The Father of India, and arguably its most famous son.

Mohandas Karamchand Gandhi (October 2, 1869 — January 30, 1948; Mahatma is a Sanskrit title meaning "Great Soul", and was given to him by the famous Bengali writer and Nobel laureate Rabindranath Tagore) has come to be synonymous with non-violent resistance and the Indian struggle for independence from the British Empire. Gandhi codified the idea of civil disobedience and non-cooperation with authorities without resorting to violence. The enduring image of Gandhi is of a little bald elderly Indian man with glasses, wrapped in a peasant's dhoti and leaning on a stick. His actual history and intellectual development however belies that image a great deal, proving to be one of the most intelligent and mysterious figures of his time.

Born in October 1869 in the tiny coastal town of Porbandar in the Bombay Presidency (currently in the Indian State of Gujarat), the youngest child of a middle-class family. His father died when he was still attending middle school, at which point his family decided to send him to England to study law when he graduated from high school. Upon graduating he did just that, and in the course of finding a decent vegetarian restaurant he would meet a group of intellectuals which included writer Henry Salt and Madame Blavatsky. It was in London that Gandhi first read the classic Indian text the Bhagavad Gita, which had a profound and life-long influence upon him. Other influences were the aesthetic theories of John Ruskin, the poetry of Percy Shelley (which he enjoyed quoting all his life), the writings of Henry David Thoreau (from which he derived the idea of Civil Disobedience) and the political-religious writings of Count Leo Tolstoy, who he corresponded with briefly.

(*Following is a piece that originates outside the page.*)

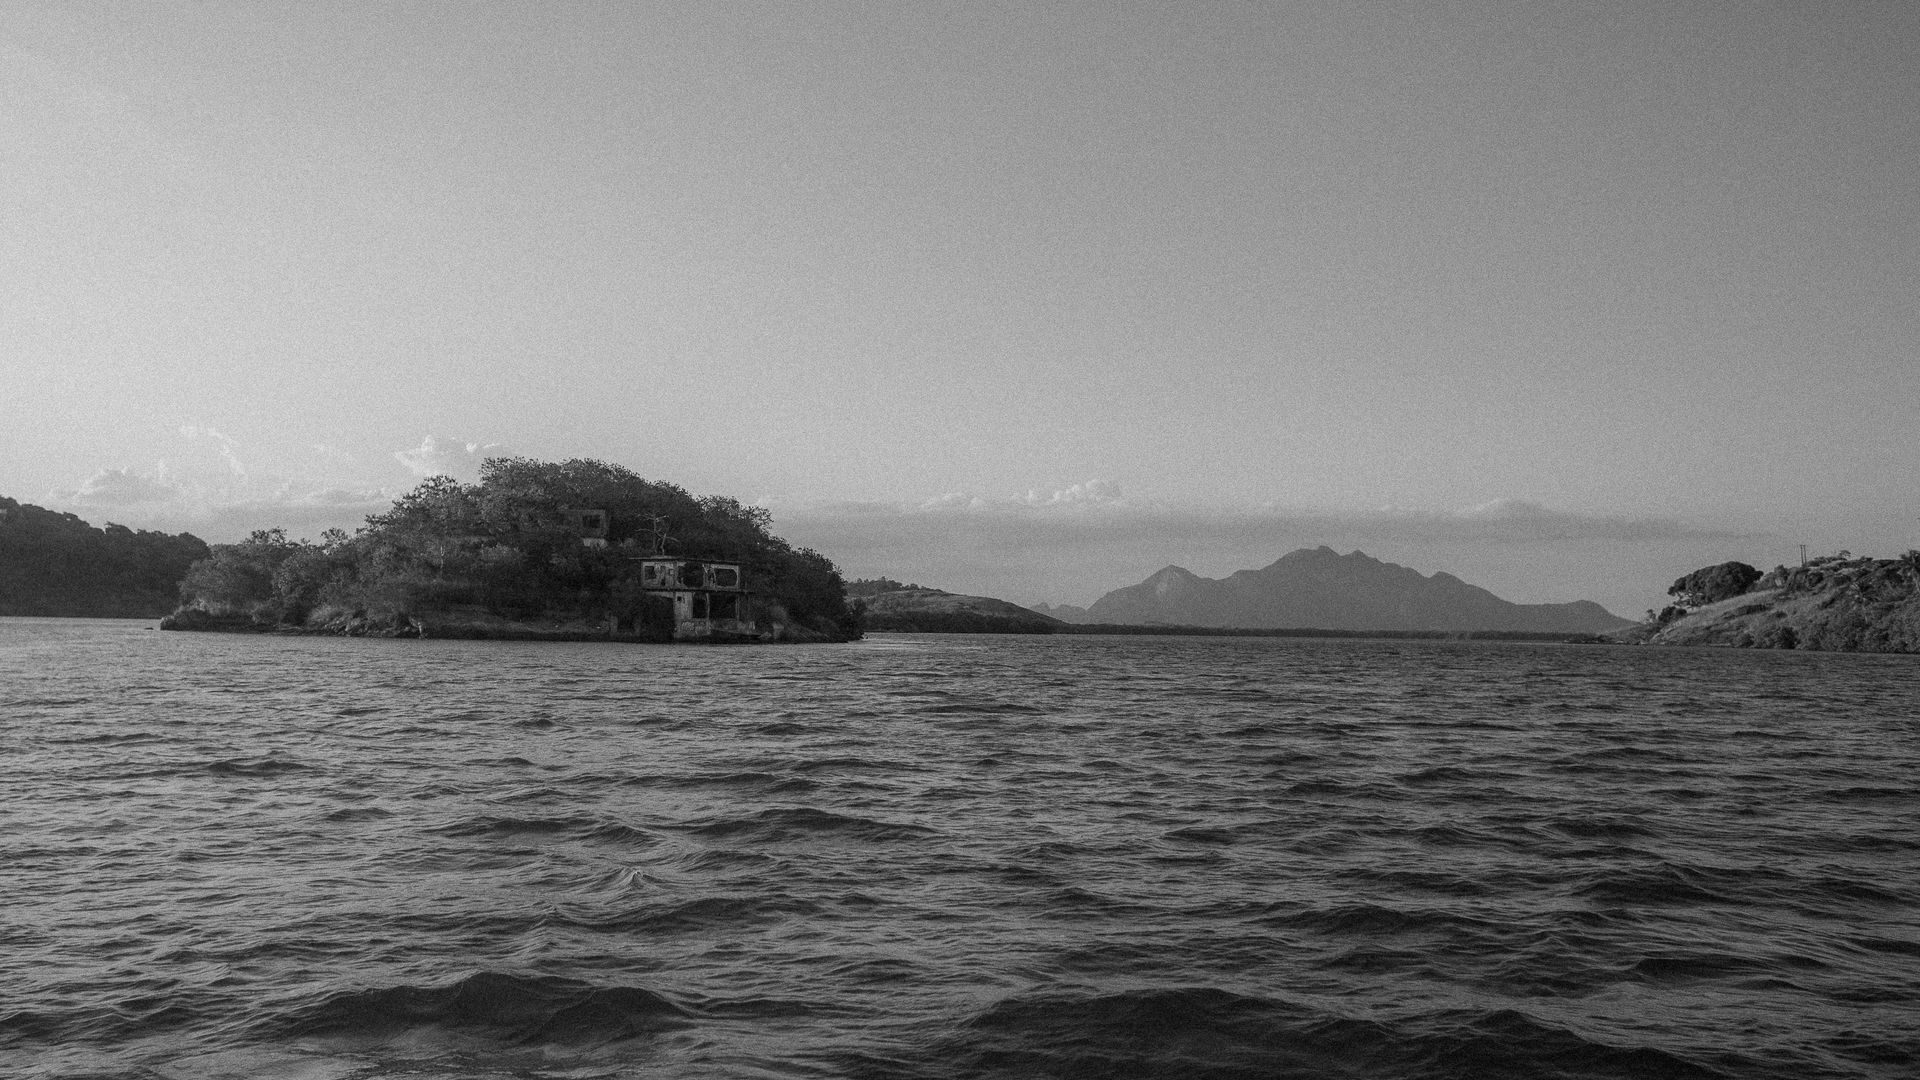 Ensaio de aproximação - proposta fotográfica de Barbara Bragatto, com imagem da Ilha da Pólvora, na Baía de Vitória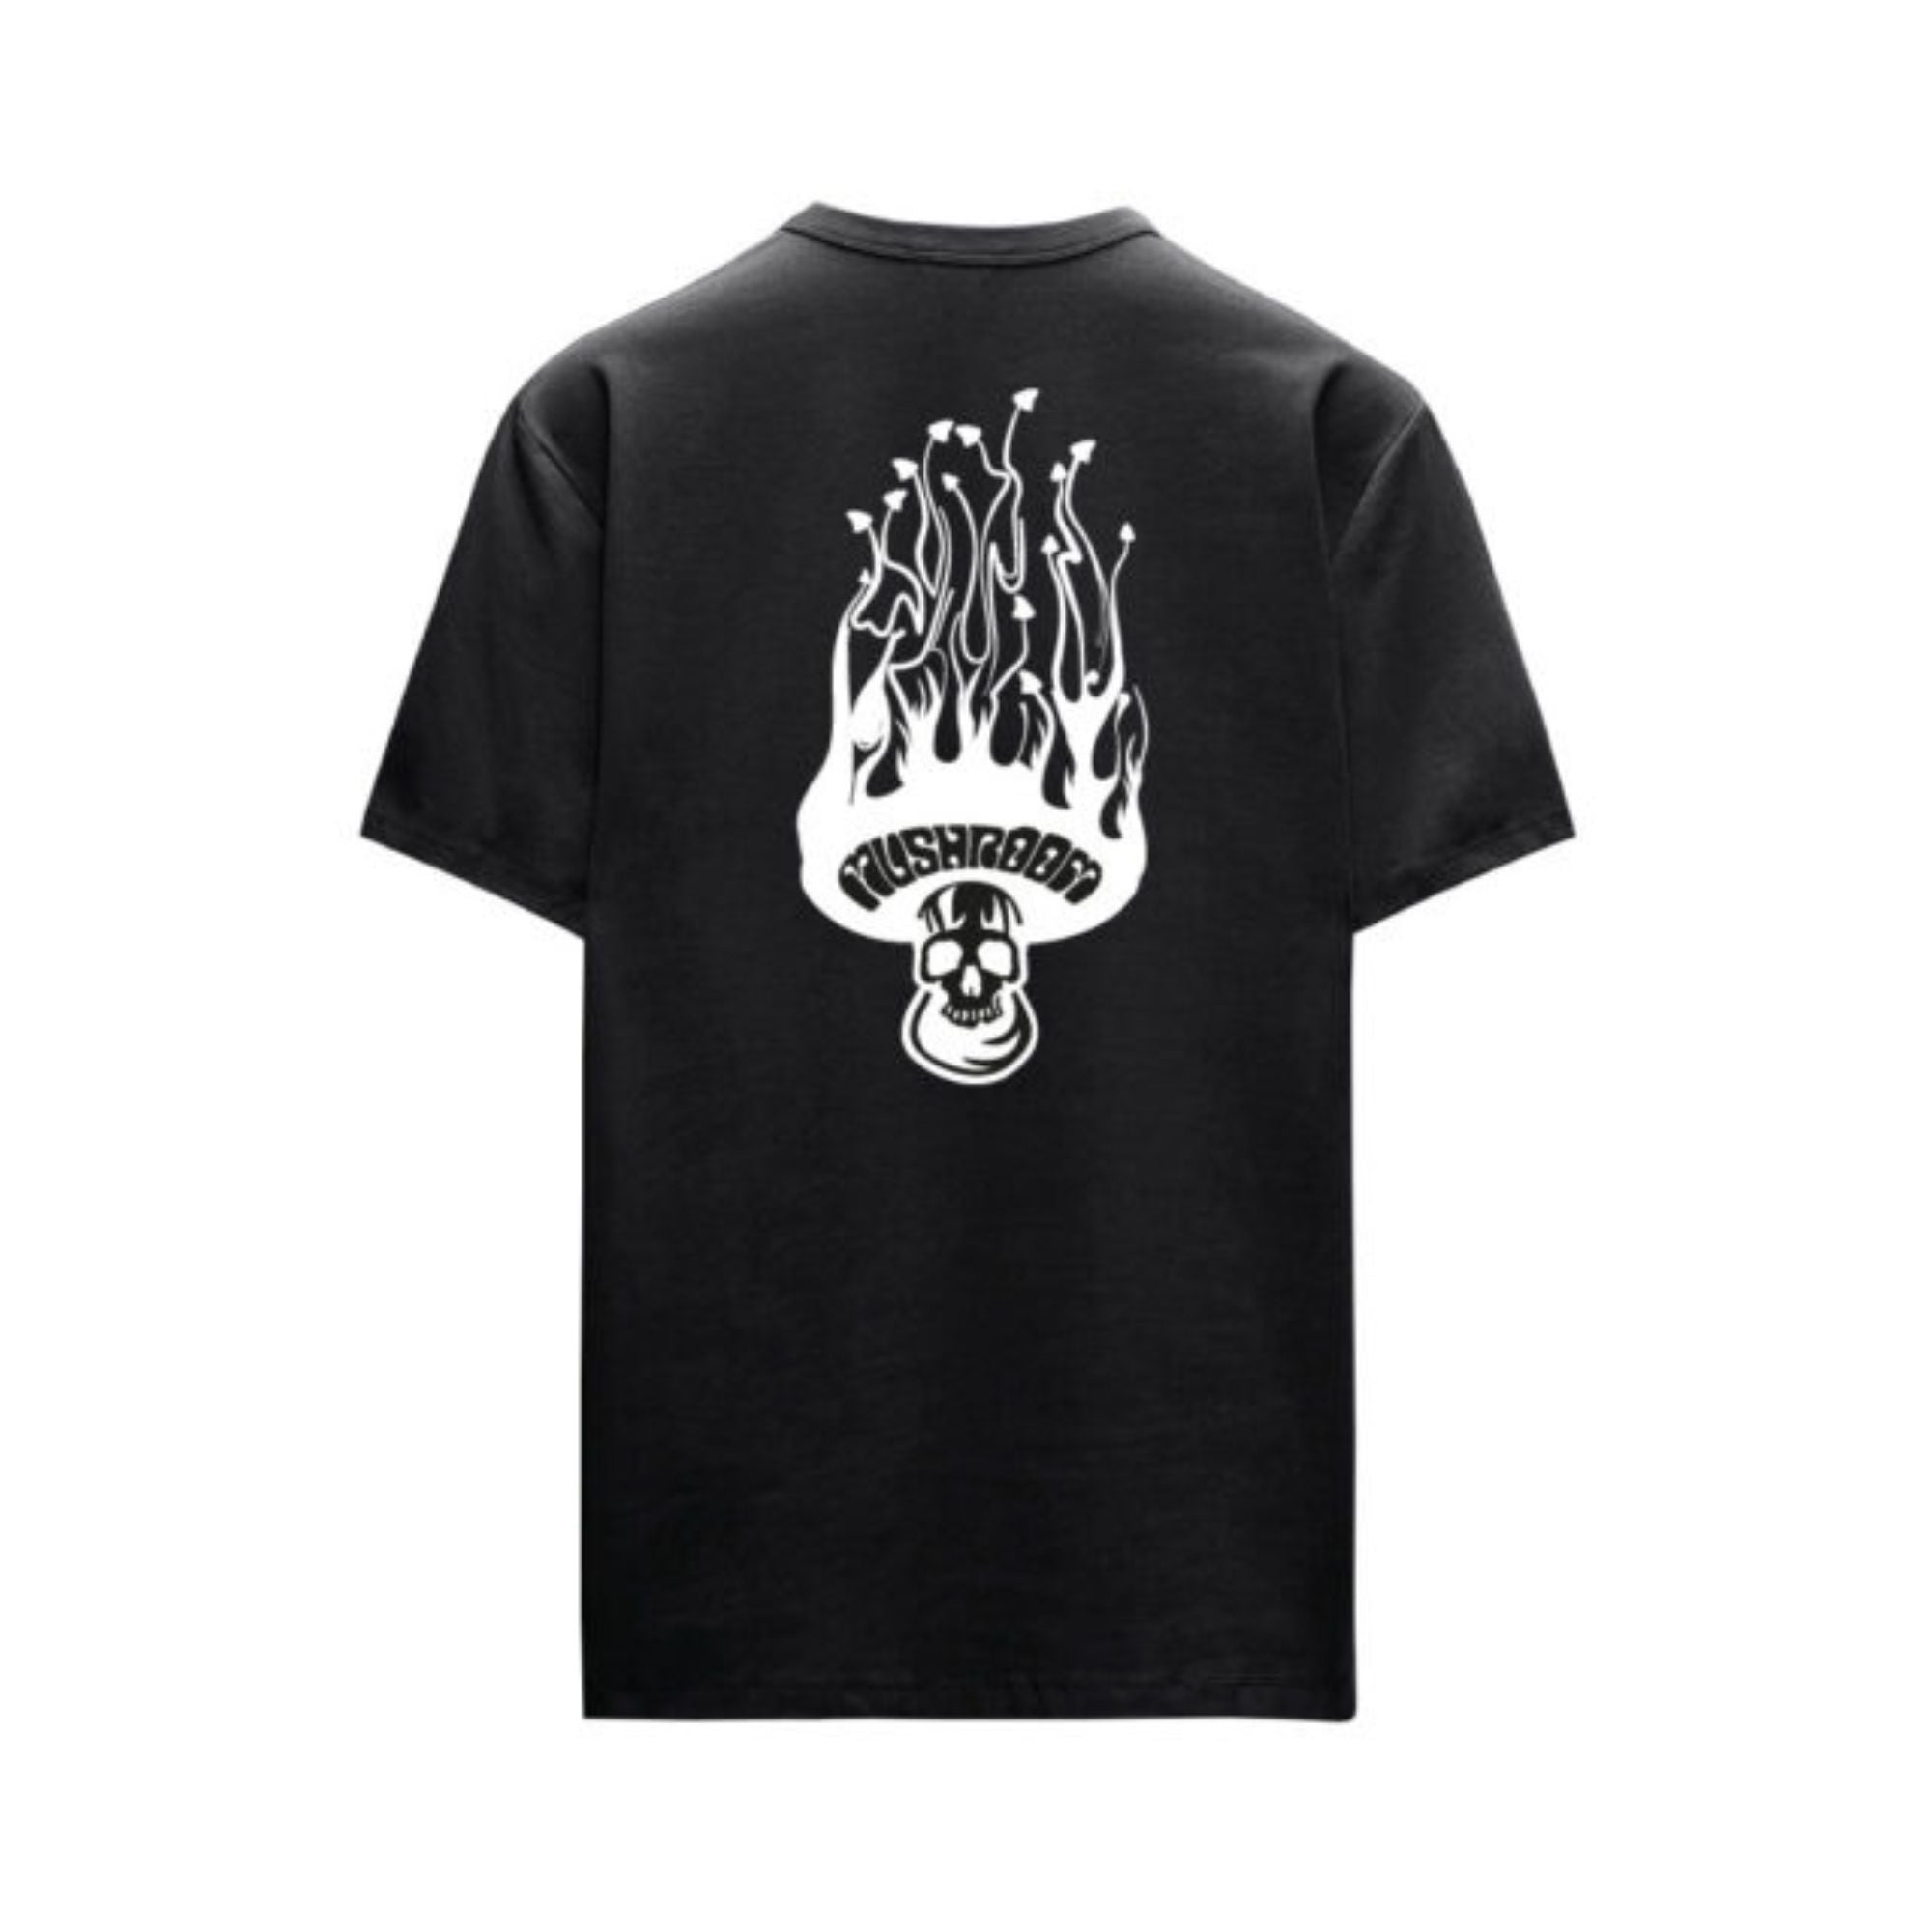 T-shirt in cotone con logo in fiamme sul petto e sul retro

His political awakening began when he moved to South Africa to practise law, where being on the personal end of ill-treatment led him to become disillusioned with the Raj and its benevolent empire project (which he and many other Indians of his class had believed in at the time). He took to campaigning for Coloured/Asian (as opposed to Black, White, or pan-Human) rights, where he started to develop much of his protest strategy and political thinking. His advocacy also coincided with serving in the Boer War as part of a medical unit on the frontlines. In his early years, Gandhi believed in reciprocal loyalty, i.e. Indians should prove better citizens and serve the Empire loyally. To that end, he supported the enlistment of many Indian soldiers into the army in the lead up to World War I. Gandhi during this time expressed racist sentiments against the black population of South Africa, an attitude shared by middle-class Indian settlers and immigrants whose anger at their ill-treatment did not lead to expressions of solidarity with native Africans, with Indians feeling that they deserved to be equal with the "Whites" rather than universal equality. Over time Gandhi became rather leery about the whole idea of 'race', not least because it had been disproven as an anthropological concept, and his attitude and optimism towards the British soured his loyalty to and belief in the ideals of the Empire, which he increasingly perceived to be a fiction.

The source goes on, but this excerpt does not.